Saved entries:
.....
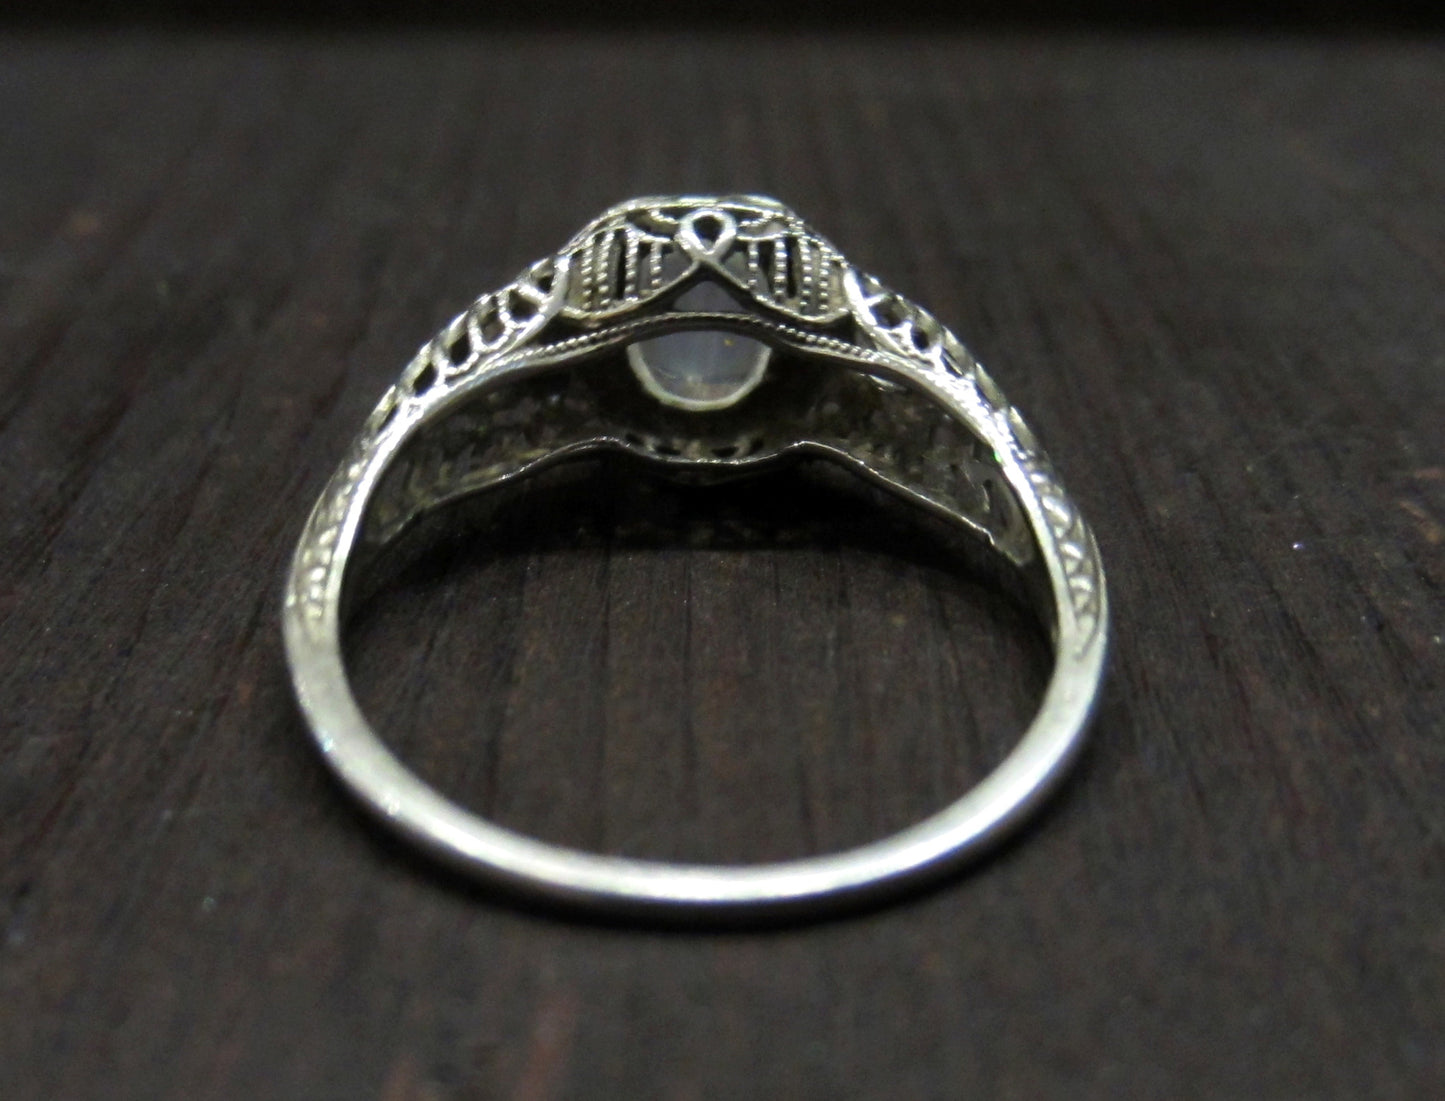 SOLD--Edwardian Moonstone and Old European Diamond Ring 18k, c. 1915
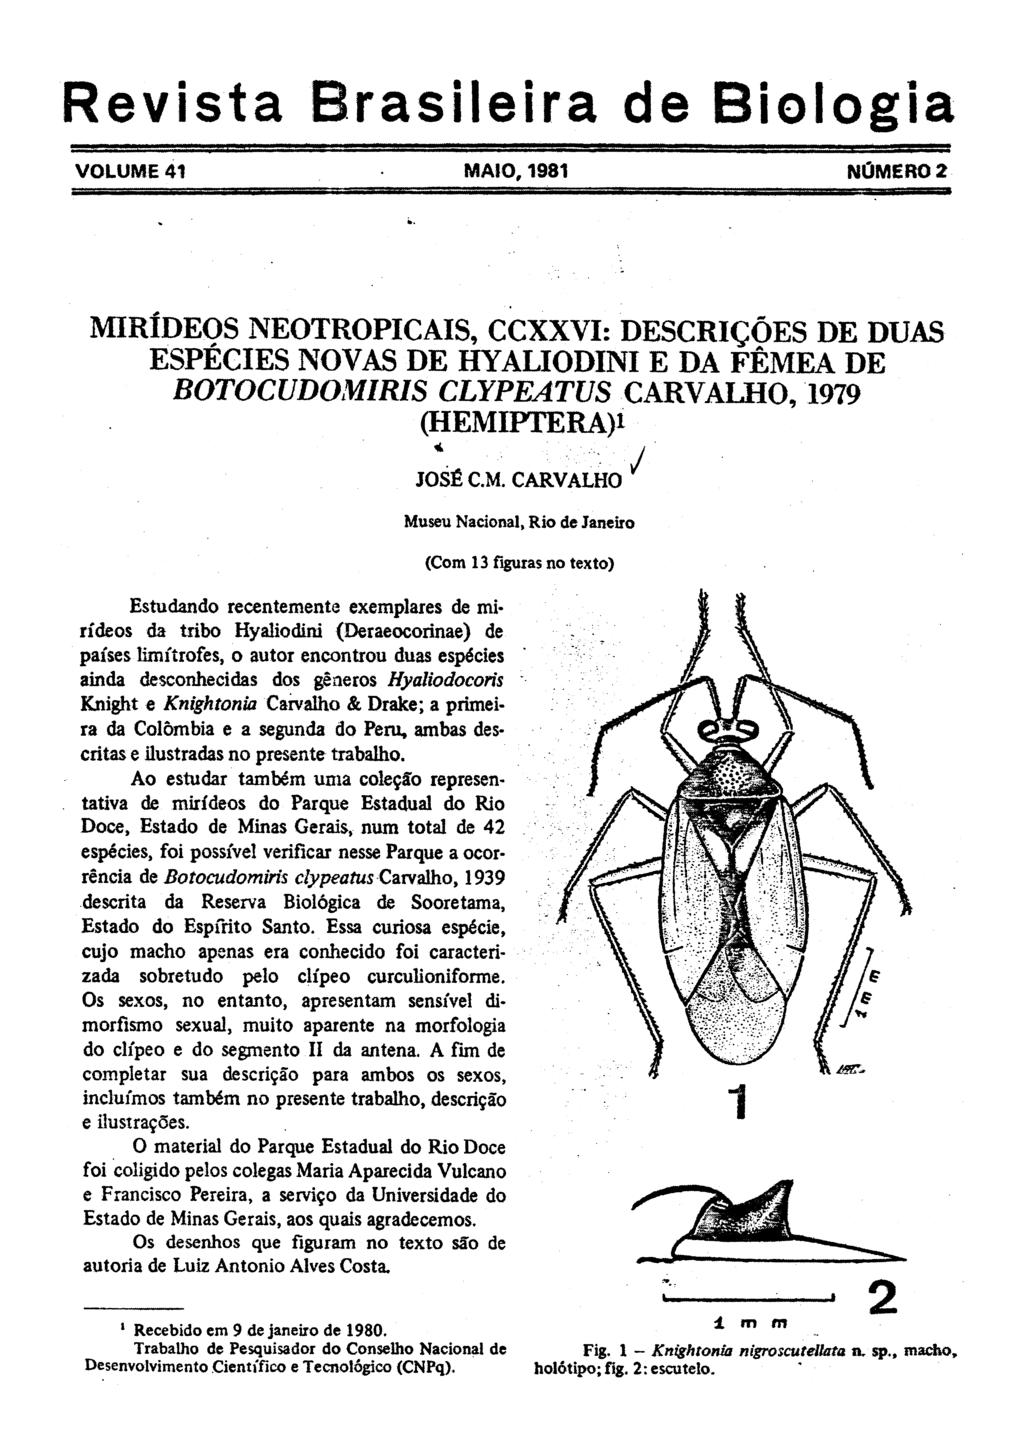 Revista Brasileira de Biologia VOLUME 41 MAIO, 1981 NOMERO 2 MIRIDEOS NEOTROPICAIS, CCXXVI: DESCRICOES DE DUAS ESPECIES NOVAS DE HYALIODINI E DA FEMEA DE BOTOCUDOMIRIS CLYPEATUS CARVALHO,1979
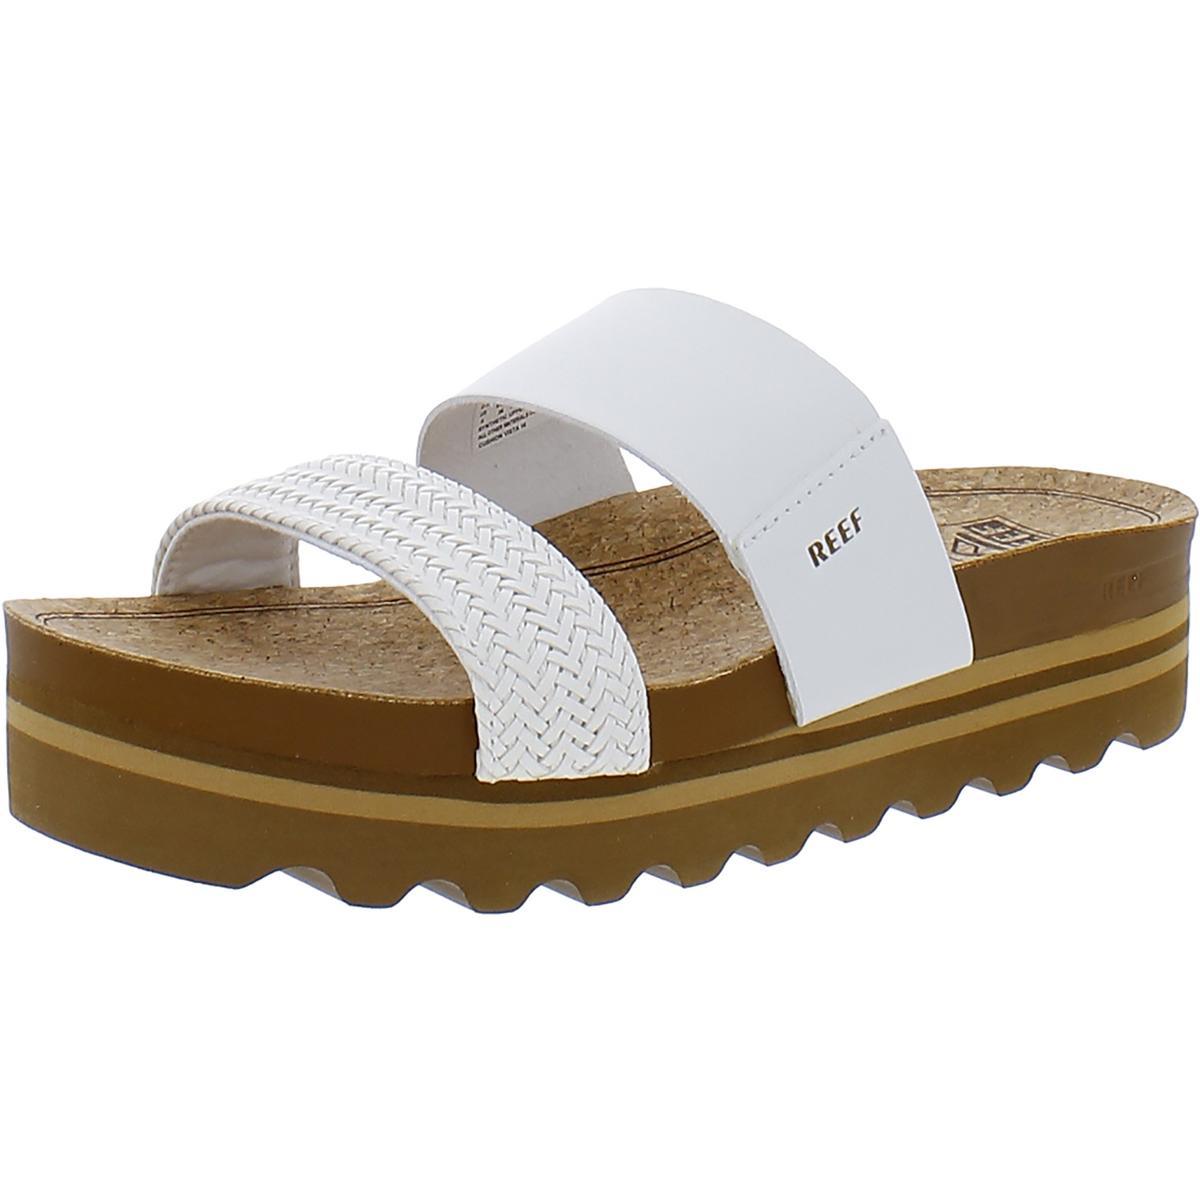 Reef Womens Cushion Vista Hi Padded Insole Slide Sandals Shoes Bhfo 9048 White Braid
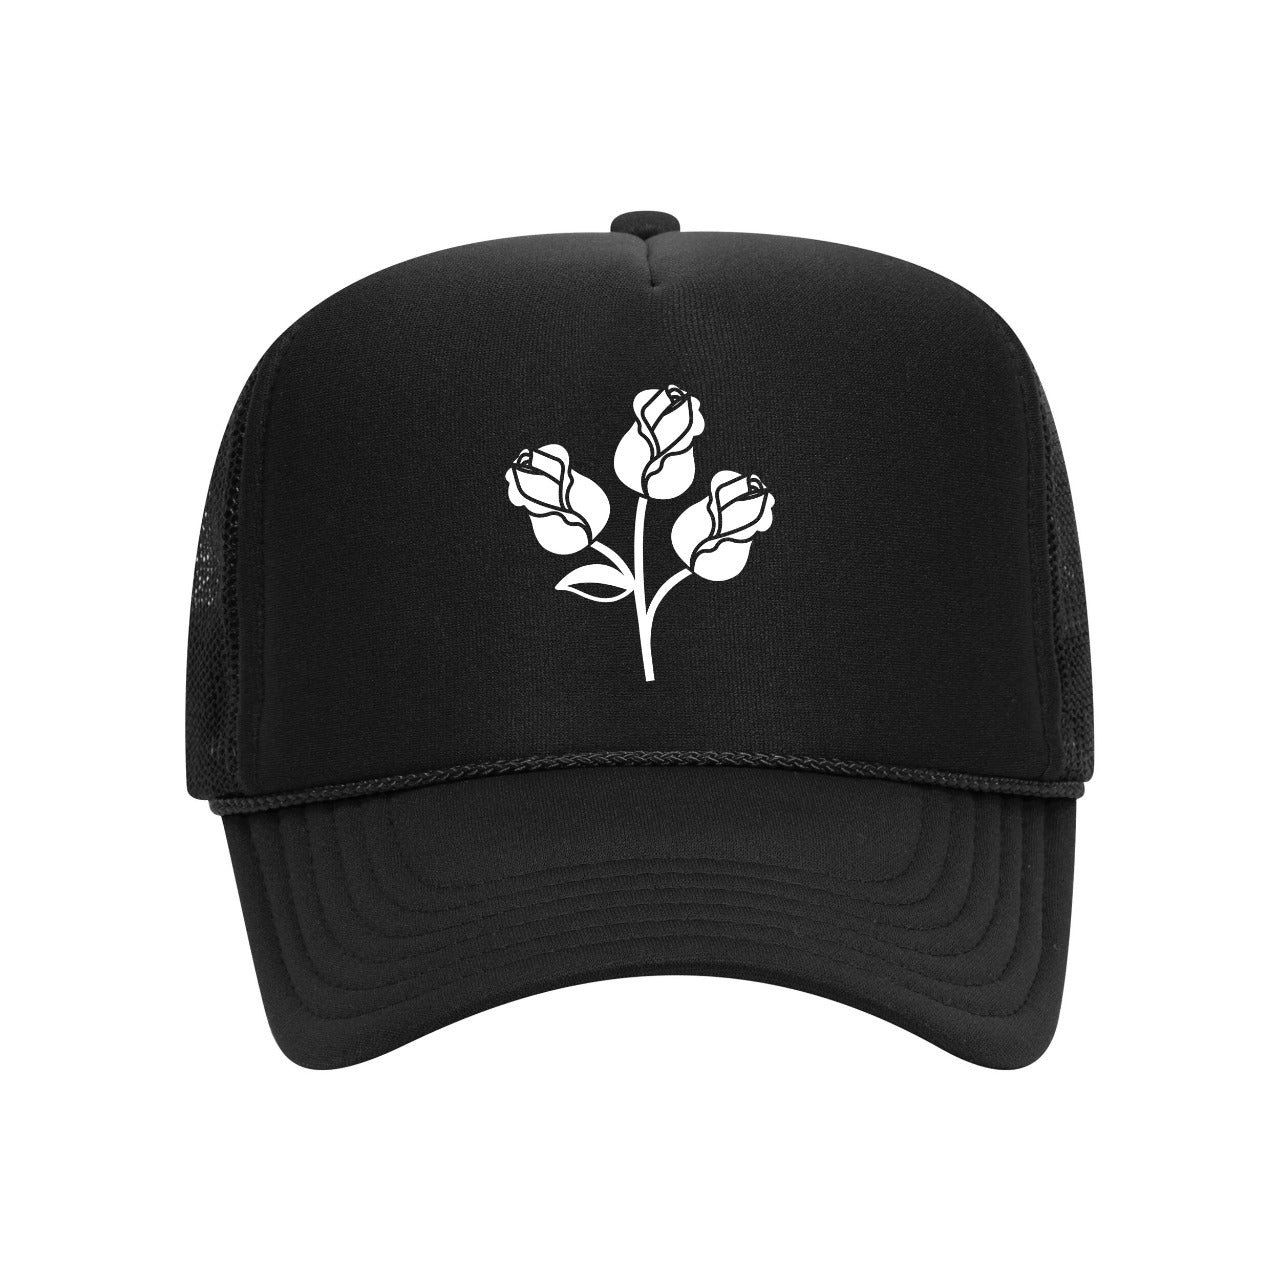 “Blanco Tr3s” Trucker Hat
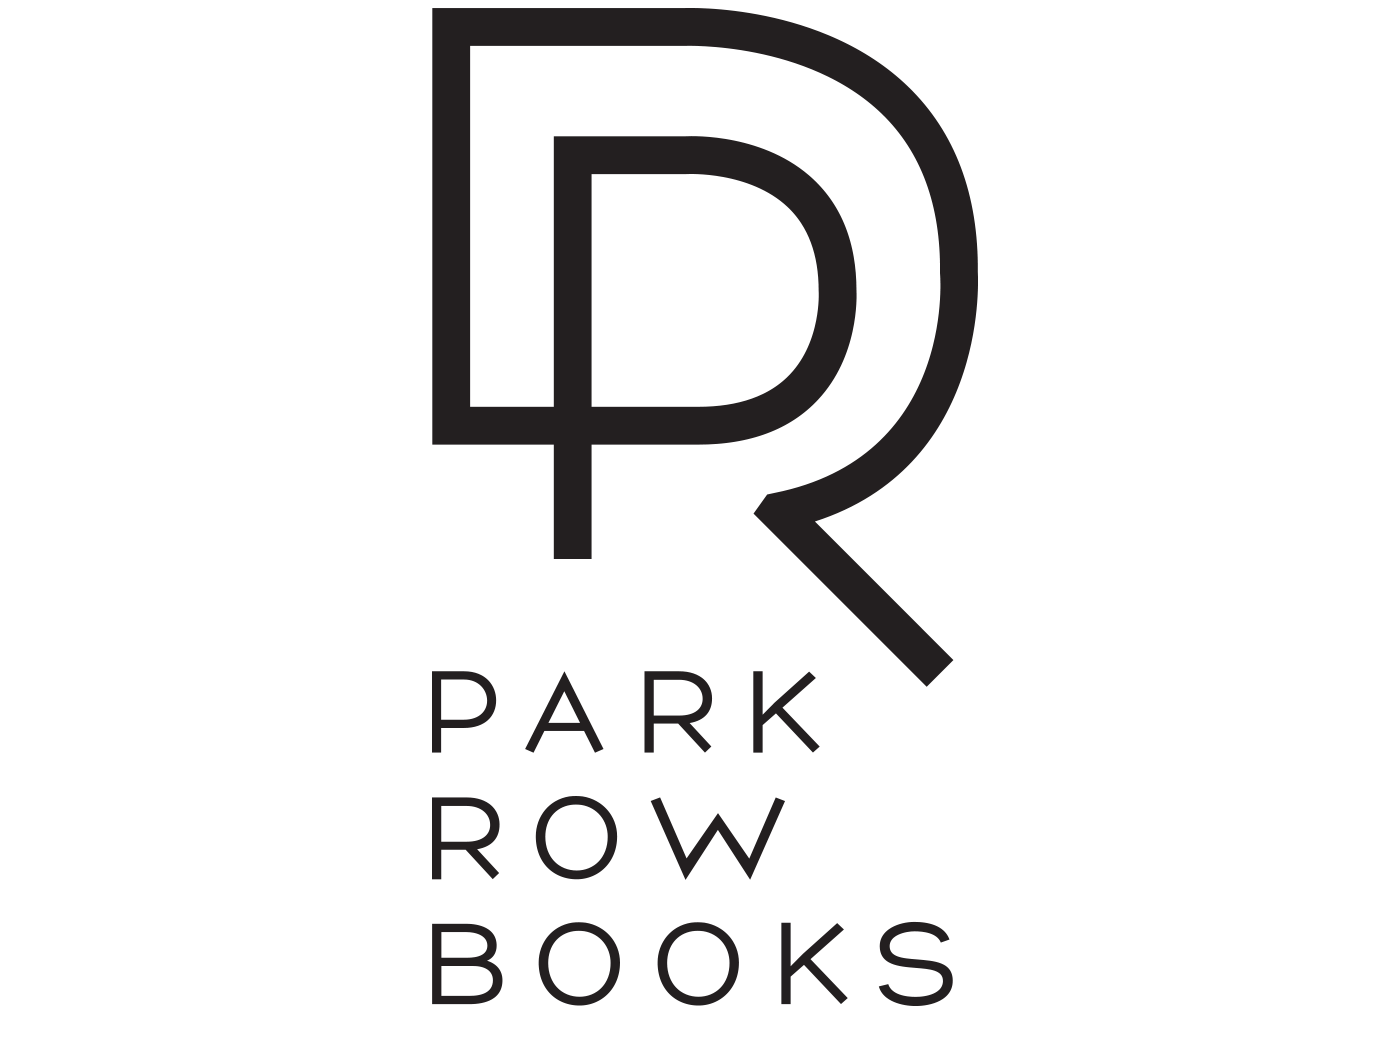 Park Row Books
.....
About this task: Please copy the preceding records exactly and omit the images.

Your response:
 SOLD--Edwardian Moonstone and Old European Diamond Ring 18k, c. 1915
 Revista Brasileira de Biologia VOLUME 41 MAIO, 1981 NOMERO 2 MIRIDEOS NEOTROPICAIS, CCXXVI: DESCRICOES DE DUAS ESPECIES NOVAS DE HYALIODINI E DA FEMEA DE BOTOCUDOMIRIS CLYPEATUS CARVALHO,1979
 Reef Womens Cushion Vista Hi Padded Insole Slide Sandals Shoes Bhfo 9048 White Braid
 “Blanco Tr3s” Trucker Hat
 Park Row Books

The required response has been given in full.